Source material
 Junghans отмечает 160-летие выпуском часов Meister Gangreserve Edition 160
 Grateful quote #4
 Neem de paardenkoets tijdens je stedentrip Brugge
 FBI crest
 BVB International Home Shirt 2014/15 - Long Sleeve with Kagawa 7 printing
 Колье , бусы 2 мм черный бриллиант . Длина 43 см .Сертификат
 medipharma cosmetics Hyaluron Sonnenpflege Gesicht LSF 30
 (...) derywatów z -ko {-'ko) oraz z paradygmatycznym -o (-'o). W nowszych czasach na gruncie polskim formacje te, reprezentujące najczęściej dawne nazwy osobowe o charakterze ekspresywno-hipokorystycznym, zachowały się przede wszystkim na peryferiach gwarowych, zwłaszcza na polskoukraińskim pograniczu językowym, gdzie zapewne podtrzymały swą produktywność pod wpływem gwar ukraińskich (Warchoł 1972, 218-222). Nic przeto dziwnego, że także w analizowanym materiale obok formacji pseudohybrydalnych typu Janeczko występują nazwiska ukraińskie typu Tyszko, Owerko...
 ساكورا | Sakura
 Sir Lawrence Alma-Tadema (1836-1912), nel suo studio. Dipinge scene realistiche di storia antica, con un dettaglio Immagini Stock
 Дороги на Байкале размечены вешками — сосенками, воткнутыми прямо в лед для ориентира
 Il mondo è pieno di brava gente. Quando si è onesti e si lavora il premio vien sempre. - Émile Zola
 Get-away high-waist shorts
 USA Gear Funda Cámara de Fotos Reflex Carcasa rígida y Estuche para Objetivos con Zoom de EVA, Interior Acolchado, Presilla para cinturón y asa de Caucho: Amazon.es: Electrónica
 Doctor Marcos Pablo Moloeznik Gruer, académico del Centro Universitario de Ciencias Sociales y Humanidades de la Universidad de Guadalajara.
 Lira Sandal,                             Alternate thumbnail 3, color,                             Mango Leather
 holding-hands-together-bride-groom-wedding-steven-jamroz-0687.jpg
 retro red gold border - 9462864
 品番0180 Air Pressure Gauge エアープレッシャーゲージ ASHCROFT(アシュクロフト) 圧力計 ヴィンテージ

Task description
Without omitting anything, retype all of the material above exactly.

Solution for this exercise
 Junghans отмечает 160-летие выпуском часов Meister Gangreserve Edition 160
 Grateful quote #4
 Neem de paardenkoets tijdens je stedentrip Brugge
 FBI crest
 BVB International Home Shirt 2014/15 - Long Sleeve with Kagawa 7 printing
 Колье , бусы 2 мм черный бриллиант . Длина 43 см .Сертификат
 medipharma cosmetics Hyaluron Sonnenpflege Gesicht LSF 30
 (...) derywatów z -ko {-'ko) oraz z paradygmatycznym -o (-'o). W nowszych czasach na gruncie polskim formacje te, reprezentujące najczęściej dawne nazwy osobowe o charakterze ekspresywno-hipokorystycznym, zachowały się przede wszystkim na peryferiach gwarowych, zwłaszcza na polskoukraińskim pograniczu językowym, gdzie zapewne podtrzymały swą produktywność pod wpływem gwar ukraińskich (Warchoł 1972, 218-222). Nic przeto dziwnego, że także w analizowanym materiale obok formacji pseudohybrydalnych typu Janeczko występują nazwiska ukraińskie typu Tyszko, Owerko...
 ساكورا | Sakura
 Sir Lawrence Alma-Tadema (1836-1912), nel suo studio. Dipinge scene realistiche di storia antica, con un dettaglio Immagini Stock
 Дороги на Байкале размечены вешками — сосенками, воткнутыми прямо в лед для ориентира
 Il mondo è pieno di brava gente. Quando si è onesti e si lavora il premio vien sempre. - Émile Zola
 Get-away high-waist shorts
 USA Gear Funda Cámara de Fotos Reflex Carcasa rígida y Estuche para Objetivos con Zoom de EVA, Interior Acolchado, Presilla para cinturón y asa de Caucho: Amazon.es: Electrónica
 Doctor Marcos Pablo Moloeznik Gruer, académico del Centro Universitario de Ciencias Sociales y Humanidades de la Universidad de Guadalajara.
 Lira Sandal,                             Alternate thumbnail 3, color,                             Mango Leather
 holding-hands-together-bride-groom-wedding-steven-jamroz-0687.jpg
 retro red gold border - 9462864
 品番0180 Air Pressure Gauge エアープレッシャーゲージ ASHCROFT(アシュクロフト) 圧力計 ヴィンテージ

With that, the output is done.